Heine–Cantor theorem
In mathematics, the Heine–Cantor theorem, named after Eduard Heine and Georg Cantor, states that if [math]\displaystyle{ f \colon M \to N }[/math] is a continuous function between two metric spaces [math]\displaystyle{ M }[/math] and [math]\displaystyle{ N }[/math], and [math]\displaystyle{ M }[/math] is compact, then [math]\displaystyle{ f }[/math] is uniformly continuous. An important special case is that every continuous function from a closed bounded interval to the real numbers is uniformly continuous.
Proof
Suppose that [math]\displaystyle{ M }[/math] and [math]\displaystyle{ N }[/math] are two metric spaces with metrics [math]\displaystyle{ d_M }[/math] and [math]\displaystyle{ d_N }[/math], respectively. Suppose further that a function [math]\displaystyle{ f: M \to N }[/math] is continuous and [math]\displaystyle{ M }[/math] is compact. We want to show that [math]\displaystyle{ f }[/math] is uniformly continuous, that is, for every positive real number [math]\displaystyle{ \varepsilon \gt 0 }[/math] there exists a positive real number [math]\displaystyle{ \delta \gt 0 }[/math] such that for all points [math]\displaystyle{ x, y }[/math] in the function domain [math]\displaystyle{ M }[/math], [math]\displaystyle{ d_M(x,y) \lt \delta }[/math] implies that [math]\displaystyle{ d_N(f(x), f(y)) \lt \varepsilon }[/math].
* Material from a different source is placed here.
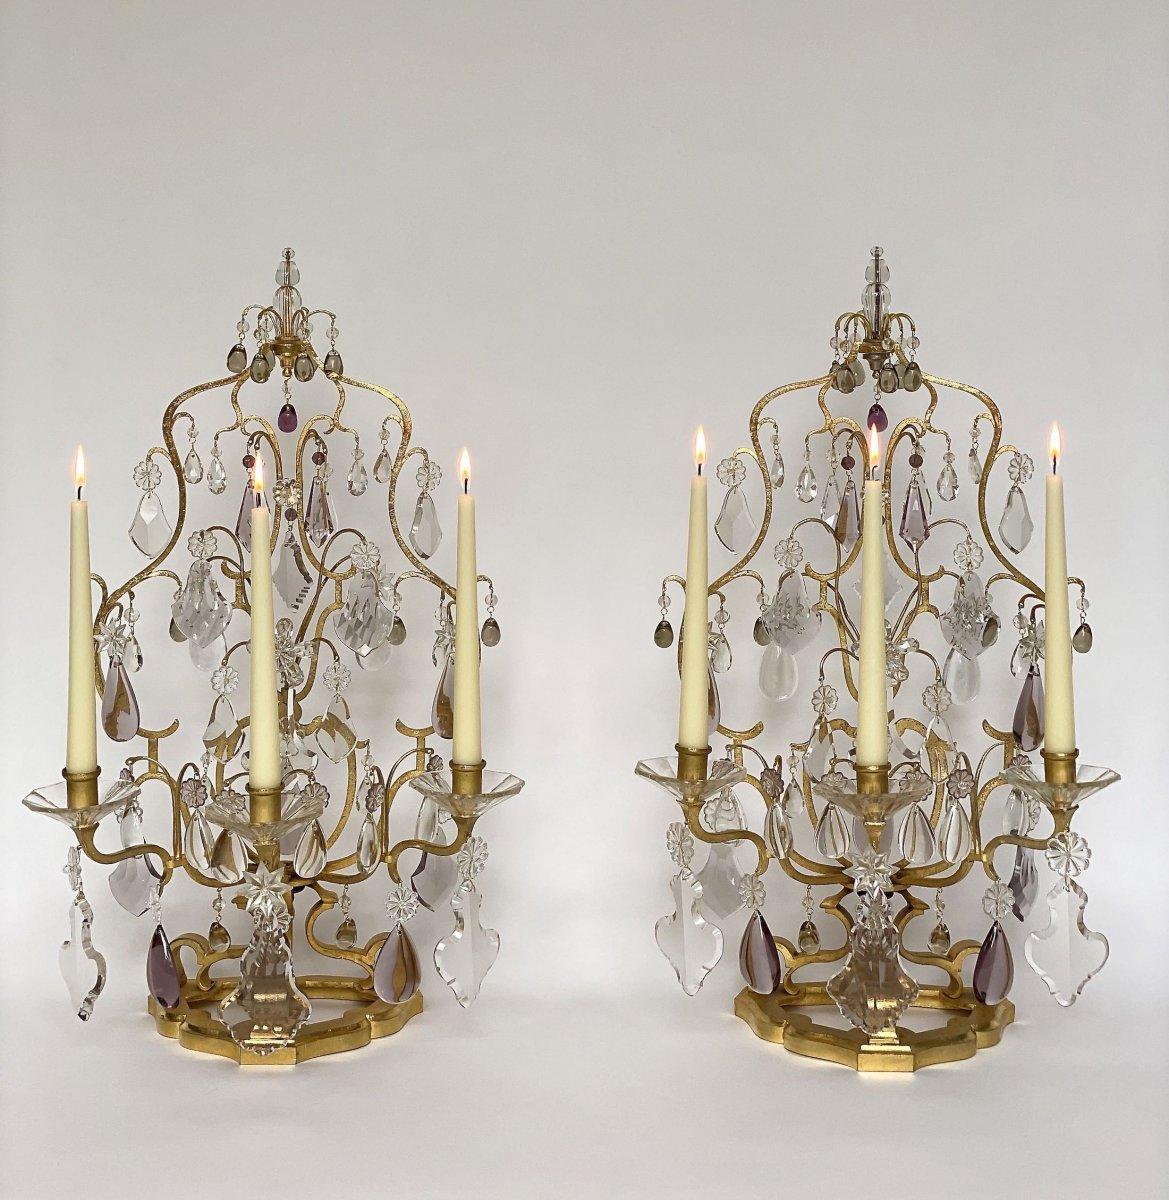 A  Pair Large Crystal Girandoles By Maison Baguès

Consider some positive real number [math]\displaystyle{ \varepsilon \gt 0 }[/math]. By continuity, for any point [math]\displaystyle{ x }[/math] in the domain [math]\displaystyle{ M }[/math], there exists some positive real number [math]\displaystyle{ \delta_x \gt 0 }[/math] such that [math]\displaystyle{ d_N(f(x),f(y)) \lt \varepsilon/2 }[/math] when [math]\displaystyle{ d_M(x,y) \lt \delta _x }[/math], i.e., a fact that [math]\displaystyle{ y }[/math] is within [math]\displaystyle{ \delta_x }[/math] of [math]\displaystyle{ x }[/math] implies that [math]\displaystyle{ f(y) }[/math] is within [math]\displaystyle{ \varepsilon / 2 }[/math] of [math]\displaystyle{ f(x) }[/math].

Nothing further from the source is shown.